The index of the currently processed cell is not explicitly provided by the for_each algorithm to its element access function. While the index could be reconstructed in a non-parallel version of for_each by giving up the stateless nature of LBM and incrementing an internal index at each function call, such an approach would be in obvious violation with a multi-threaded or unsequenced execution of the algorithm. Instead, we choose to rely explicitly on the fact that the iterators in this invocation of for_each are raw pointers, and deduce the index from the difference of memory address between the current and first element of the lattice. While it is clear that such an approach could not be extended to other types of C++ containers and iterators, it should also be mentioned that this limitation to the scope of raw data arrays is rather expected in the context of massive HPC. It is further pointed out that the proposed code preserves a consistent high-level structure. Violations of the safety of data types and memory bounds are limited to a small group of data access function which encapsulate the cases of pointer-based arithmetic operations. Consequently, the data types and data access functions are defined as follows in a array-of-structure respectively a structure-of-array layout:

// Implementation for array-of-structure layout

struct LBM {

   using CellData = array<double, 19>;

   double & f (int i, int k) {

      return lattice[i][k];

   }

   // … implementation of collision models

};

// Implementation for structure-of-array layout

struct LBM {

   using CellData =double;

   double & f (int i, int k) {

     return lattice[k * dim.nelem + i];

   }

   // … implementation of collision models

};

Based on these access functions, the collision models can then be defined in an identical manner for both data layouts.
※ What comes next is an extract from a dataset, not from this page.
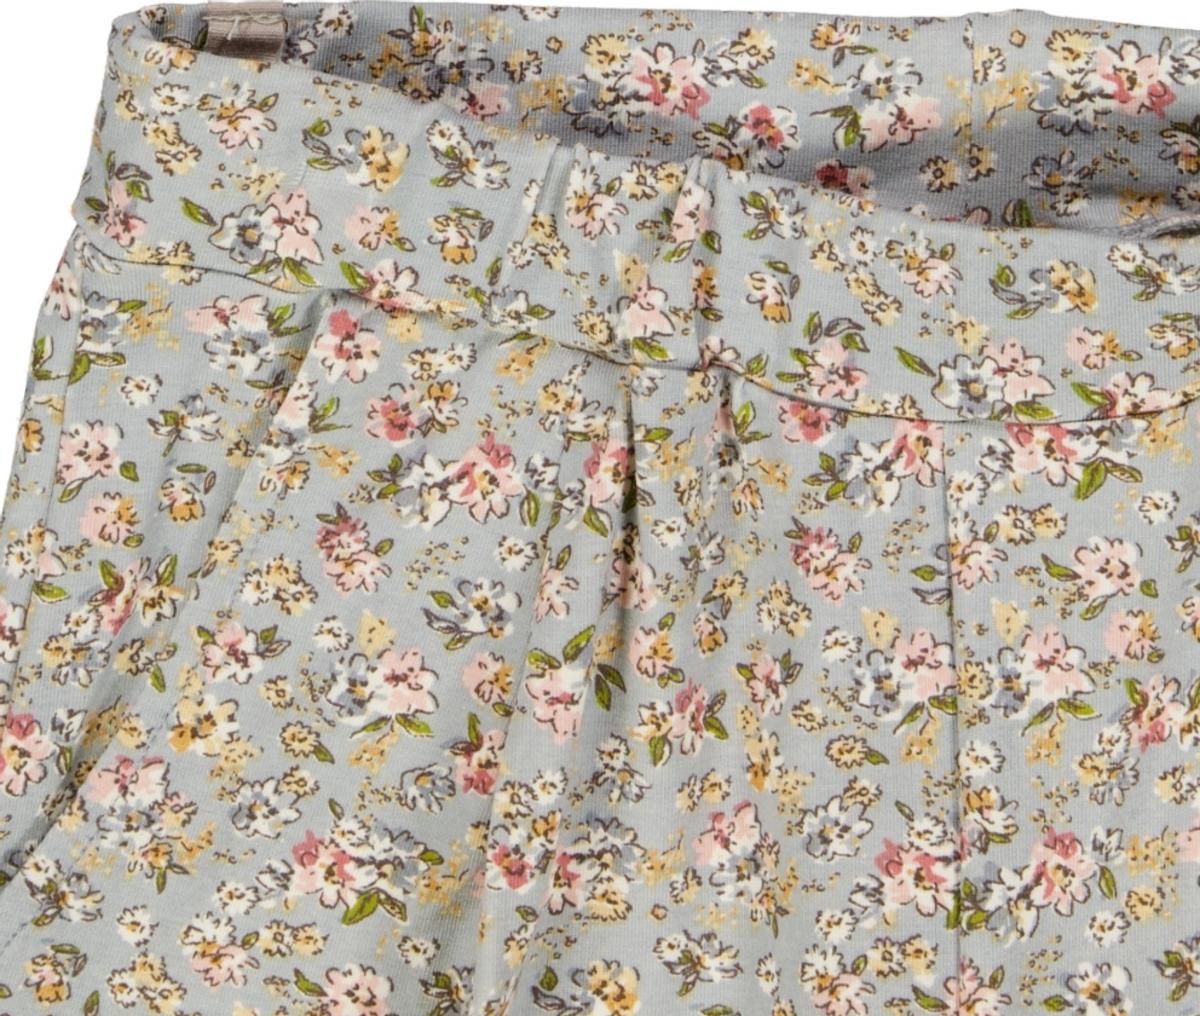 Bukse abbie soft dusty dove flowers

Furthermore, the strategy for evaluating the index value and manipulating 3D indices is layout independent:

struct LBM {

    // … data definitions

    // Function i_to_xyz transforms a linear index

    // into a Cartesian coordinate triplet

    auto i_to_xyz (int i) {

      int iX = i / (dim.ny * dim.nz);

      int i_yz = i % (dim.ny * dim.nz);

      int iY = i_yz / dim.nz;

      int iZ = i_yz % dim.nz;

      return std::make_tuple(iX, iY, iZ);

    };

    void operator() (CellData& cell)

      {size_t i = &cell—lattice;

      // … implementation of collision-streaming

    }

}

The complete source code of the stlbm can be accessed under the terms of an open-source license under S1 Source Code.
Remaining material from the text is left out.